Dynamic hip screws versus proximal femoral nails for intertrochanteric fractures

Authors


  • Z. Avakian MBBS (Hons), BMedSci; T. Shiraev BSc (Hons); L. Lam MPH, PhD; N. Hope PhD, FAOrthA.

Associate Professor Nigel Hope, Sydney Adventist Hospital, 185 Fox Valley Road, Wahroonga, Sydney, NSW 2076, Australia. Email: nigelhope@bigpond.com

Abstract

Background:  It is essential to determine the optimal treatment of intertrochanteric fractures due to their high incidence and related public health burden. Debate remains as to whether dynamic hip screws (DHS) or proximal femoral nails (PFNs) are best practice, and this pilot study seeks to collect information relevant to this query.

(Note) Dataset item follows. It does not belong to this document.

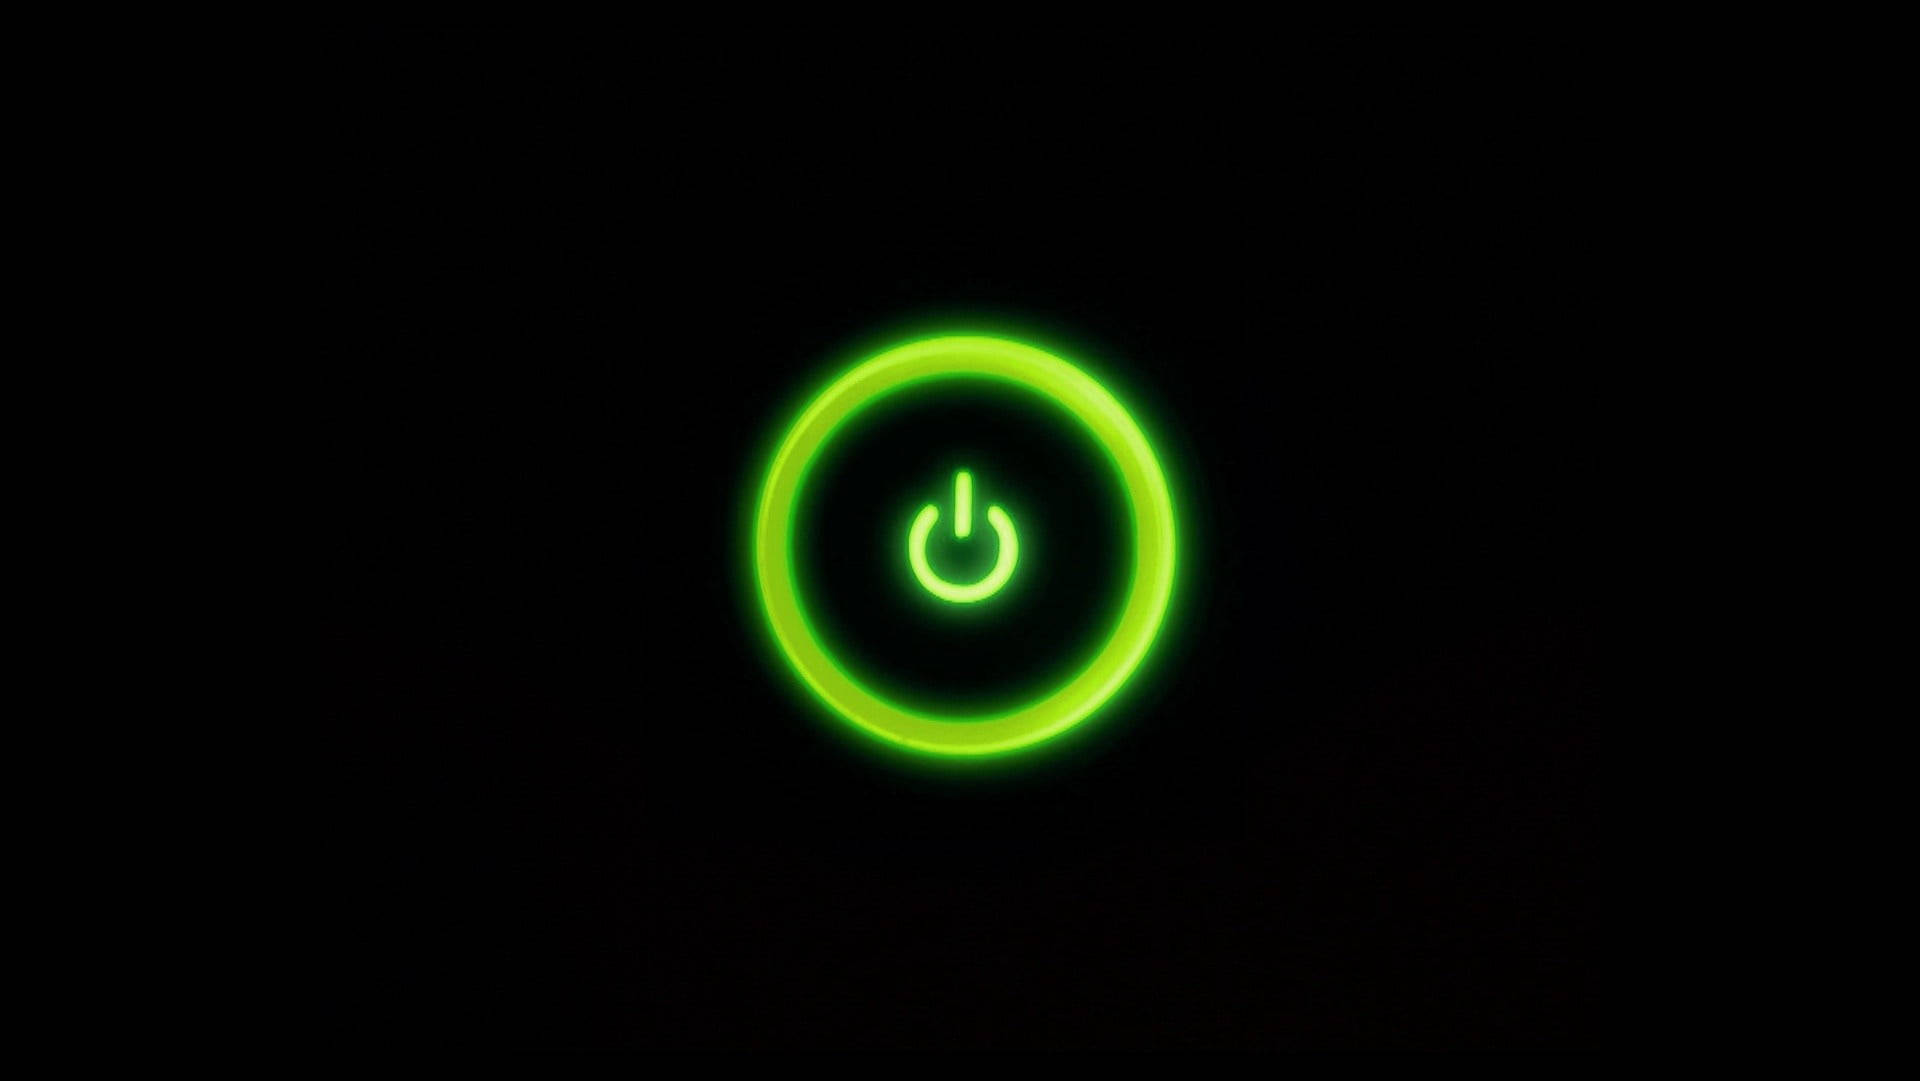 Neon Green Power Button Background

Methods:  We undertook a retrospective audit of 144 patients who received a dynamic hip screw or a proximal femoral nail in order to compare age, sex, duration of surgery, duration of hospitalization, time of first mobilization, and rate anaemia, sepsis, avascular necrosis, prosthesis failure, revision, deep vein thrombosis, pulmonary embolus, non-ST elevation myocardial infarction, common peroneal nerve palsy and death between implantation of a DHS and a PFN.

Results:  No differences were found between groups in age, duration of surgery, duration of hospitalization, time of first mobilization and rate of complications. Statistically significant differences were found in sex distributions, operation time and length of stay. However, analysis of median operation time and length of stay when adjusted for sex revealed no significant differences.

Conclusion:  This study demonstrated no statistically significant differences in peri- and post-operative measures between patients undergoing intertrochanteric fracture fixation via PFN or DHS. This is the only data from Australian hospitals, and further national research is needed.